I thought about this a bit over the weekend, and I think we have a
couple of other options here when we don't have a struct file to work
with.

1) we could pass in a zeroed out value for "since" when we don't have
struct file. The way the implementation works, that tells you whether
there has ever been a writeback error since the inode was first
instantiated. The downside there is that we don't have a way to clear
this out until the inode is evicted, so that's a clear behavior change
from how AS_* flags work today.

2) we could store a second wb_err_t value in the mapping. That one
would basically act as the wb_err_t "cursor" for these cases. We have
to do something like filemap_report_wb_error but would swap the value
into the mapping's cursor instead of dealing with struct file. That's
also not perfectly like what we have with AS_EIO/AS_ENOSPC flags, but
is probably close enough not to matter. Doing that with atomics may be
tricky though.

Alternately, we could just try to plumb in reasonable "since" values
for all of the callers. Some of those won't be too hard to do (and some
don't even really need the errors at all), but some I really have no
clue on.

Option #2 above gives us a stopgap way to move those callers over
without having to have them worry about the details as much.

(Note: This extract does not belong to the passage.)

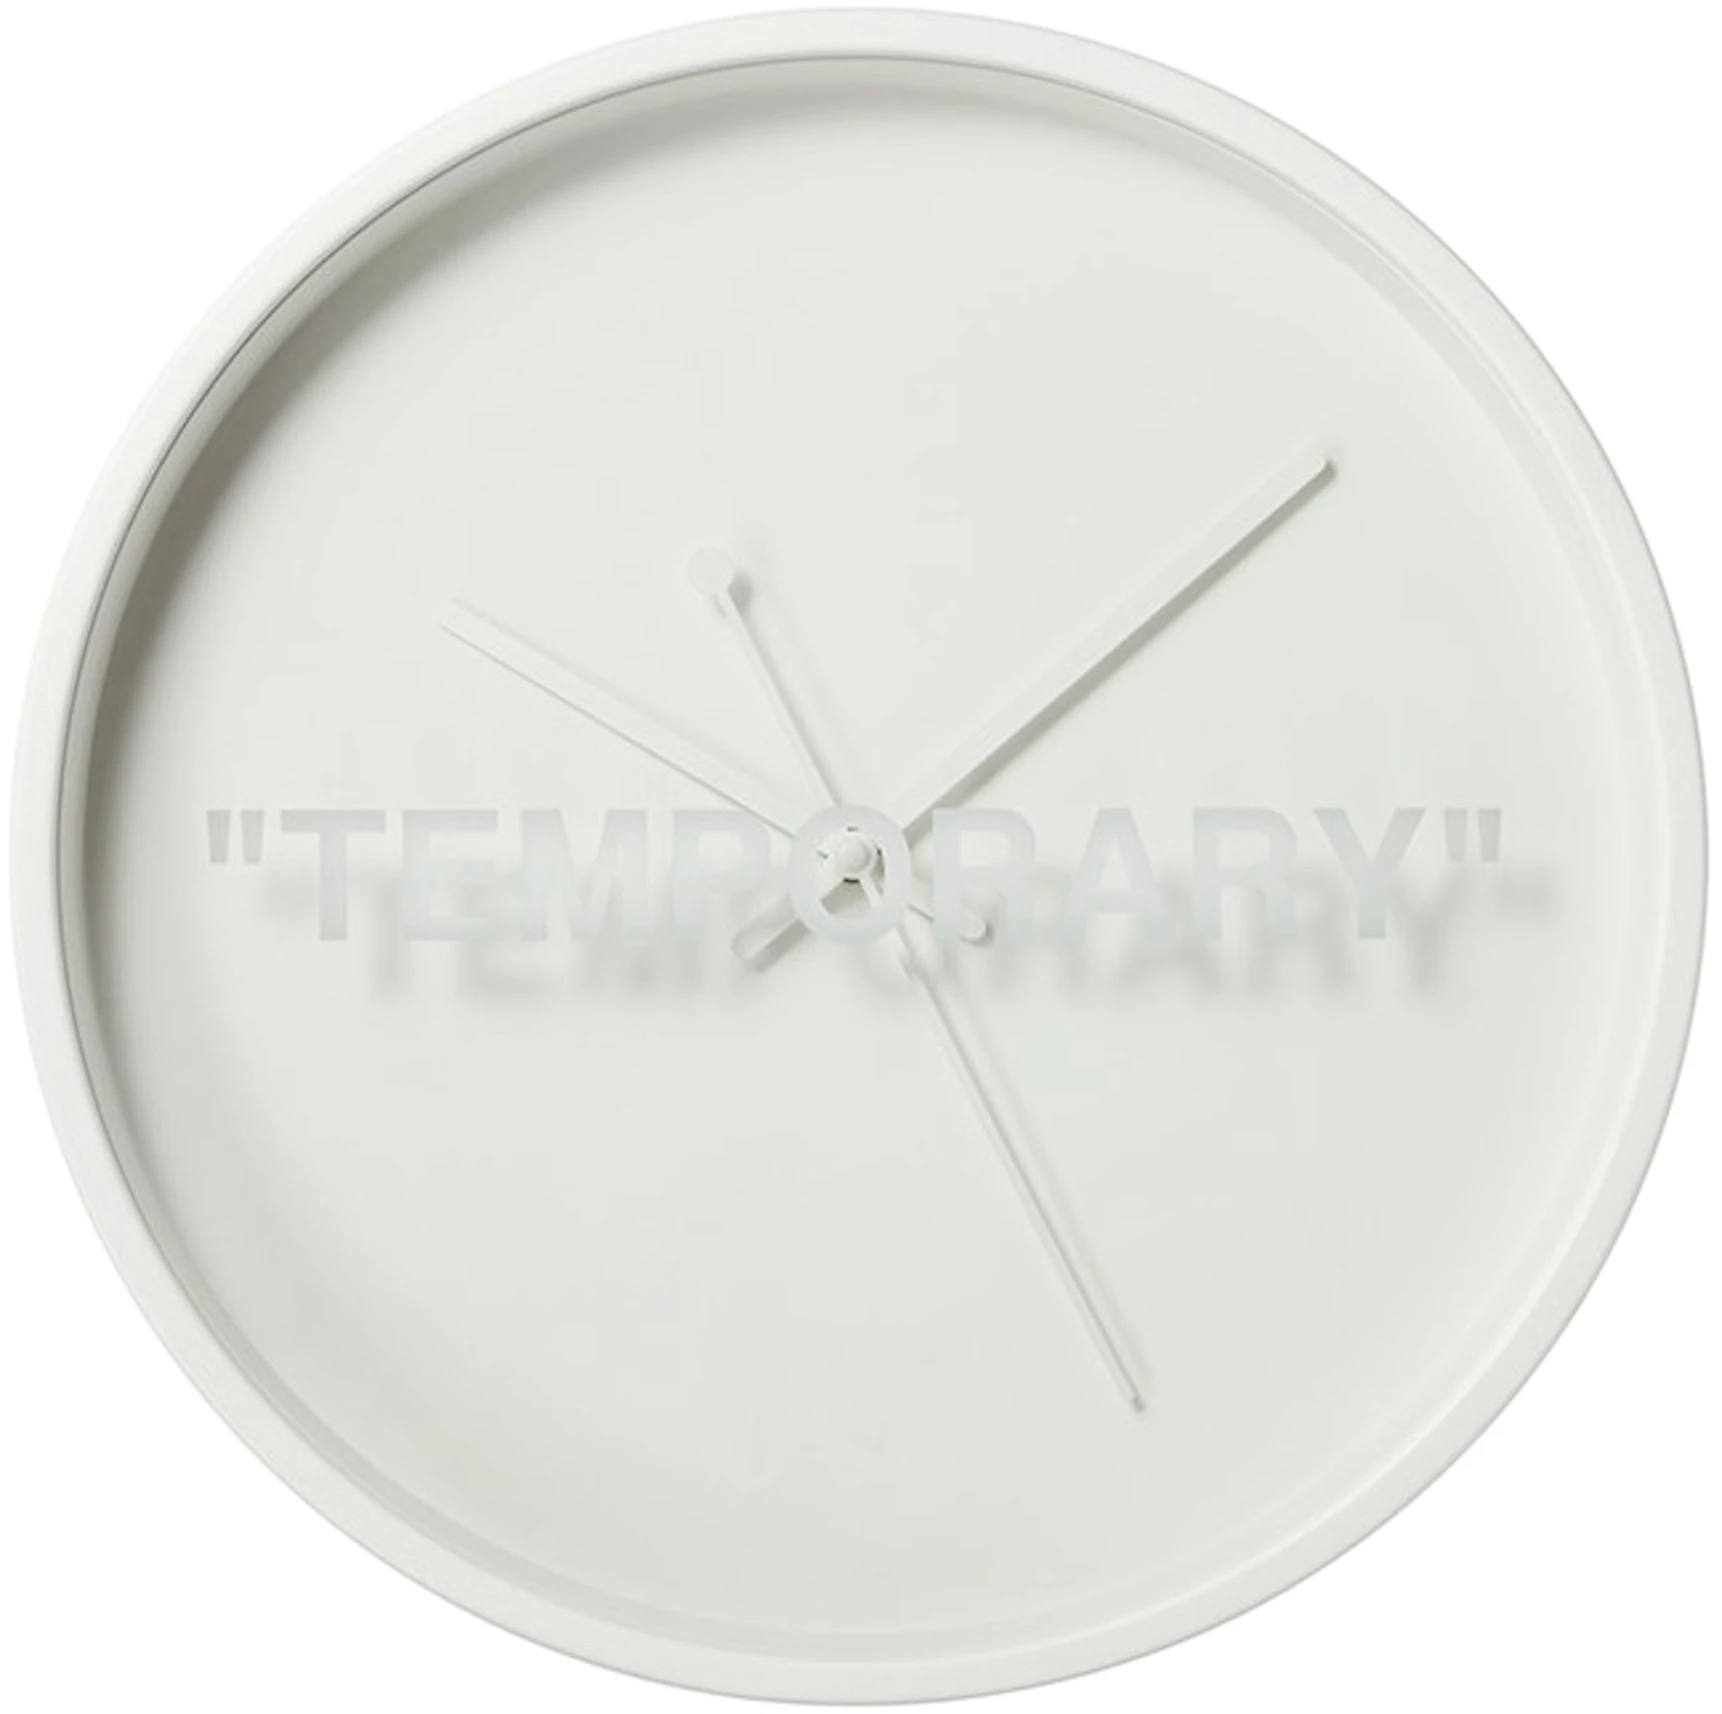 Abloh x IKEA MARKERAD "TEMPORARY" Clock US

> >  int vfs_fsync_range(struct file *file, loff_t start, loff_t end, int datasync)
> >  {
> > +	int ret, ret2;
> >  	struct inode *inode = file->f_mapping->host;
> >  
> >  	if (!file->f_op->fsync)
> > @@ -192,7 +193,9 @@ int vfs_fsync_range(struct file *file, loff_t start, loff_t end, int datasync)
> >  		spin_unlock(&inode->i_lock);
> >  		mark_inode_dirty_sync(inode);
> >  	}
> > -	return call_fsync(file, start, end, datasync);
> > +	ret = call_fsync(file, start, end, datasync);
> > +	ret2 = filemap_report_wb_error(file);
> > +	return ret ? : ret2;
> >  }
> >  EXPORT_SYMBOL(vfs_fsync_range);
> >  
> 
> ....
> 
> >  static int shm_fsync(struct file *file, loff_t start, loff_t end, int datasync)
> >  {
> > +	int ret, ret2;
> >  	struct shm_file_data *sfd = shm_file_data(file);
> >  
> >  	if (!sfd->file->f_op->fsync)
> >  		return -EINVAL;
> > -	return call_fsync(sfd->file, start, end, datasync);
> > +	ret = call_fsync(sfd->file, start, end, datasync);
> > +	ret2 = filemap_report_wb_error(file);
> > +	return ret ? : ret2;
> >  }
> 
> These are the only two places that call_fsync() is called.
> Did you consider moving the filemap_report_wb_error() call into
> call_fsync() ??
> 
> Thanks,
> NeilBrown
NeilBrown April 17, 2017, 10:56 p.m. UTC | #4
On Wed, Apr 12 2017, Jeff Layton wrote:

> On Thu, 2017-04-13 at 08:14 +1000, NeilBrown wrote:
>> 
>> I suspect that the filemap_check_wb_error() will need to be moved
>> into some parent of the current call site, which is essentially what you
>> suggest below.  It would be nice if we could do that first, rather than
>> having the current rather odd code.  But maybe this way is an easier
>> transition.  It isn't obviously wrong, it just isn't obviously right
>> either.
>> 
>
> Yeah. It's just such a daunting task to have to change so much of the
> existing code. I'm looking for ways to make this simpler.
>
> I think it probably is reasonable for filemap_write_and_wait* to just
> sample it as early as possible in those functions. filemap_fdatawait is
> the real questionable one, as you may have already had some writebacks
> complete with errors.
>
> In any case, my thinking was that the old code is not obviously correct
> either, so while this shortens the "error capture window" on these
> calls, it seems like a reasonable place to start improving things.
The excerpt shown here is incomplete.